BERLIN, GERMANY - AUGUST 22:  Day care workers...

At one point in time there were experimental studies in psychology where children were viewed as subjects.  Theories of child development were based on these.   Children need to be observed in their own environments, not in sterile laboratory rooms with strangers.  A lot of what children do is based on where they are and whom they are with.  When children are comfortable with their surroundings and the people there, their typical behavior is more likely to appear.  They must feel safe and secure before they start to explore and interact with each other or adults.  Also for young children, most child care environments contain kids of the same or close to the same age and  familiar adult females, usually not males.

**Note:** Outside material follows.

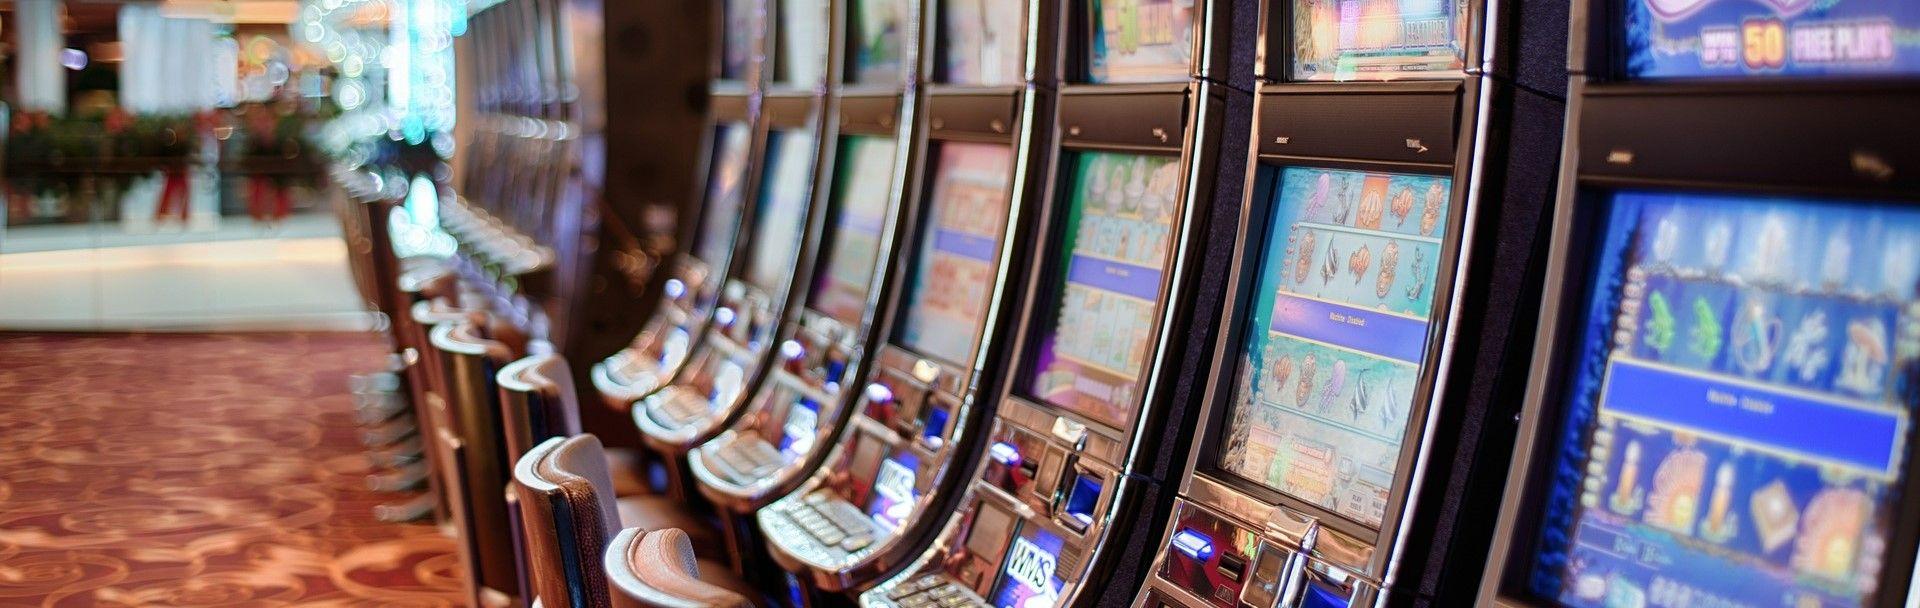 Casino St. Moritz Test

It was said once upon a time that babies or young toddlers engaged in solitary play and did not get involved  in interactive play with other children.  If you observe children like these in their homes, at a close relative’s house where they often come to play, or in their accustomed daycare setting with familiar same age playmates, they will usually get involved in play with each other that seems to follow certain rules and also have reciprocal behaviors .   Also you, yourself, or the observer must not be a stranger to the children.  This makes it difficult to conduct scientific studies with an impartial observer in a controlled environment.  As a partial observer of my grandchildren in a familiar environment where they are playing with children they  play with all the time, I have seen interactive play among children as young as one year  and eighteen months of age.   In fact, all three when together usually play in the same place {no matter how much room they have to play in) and  with the same things (no matter how much they have to play with).  One child does something and the other children do it too. Sometimes there seems to be a pattern of behavior.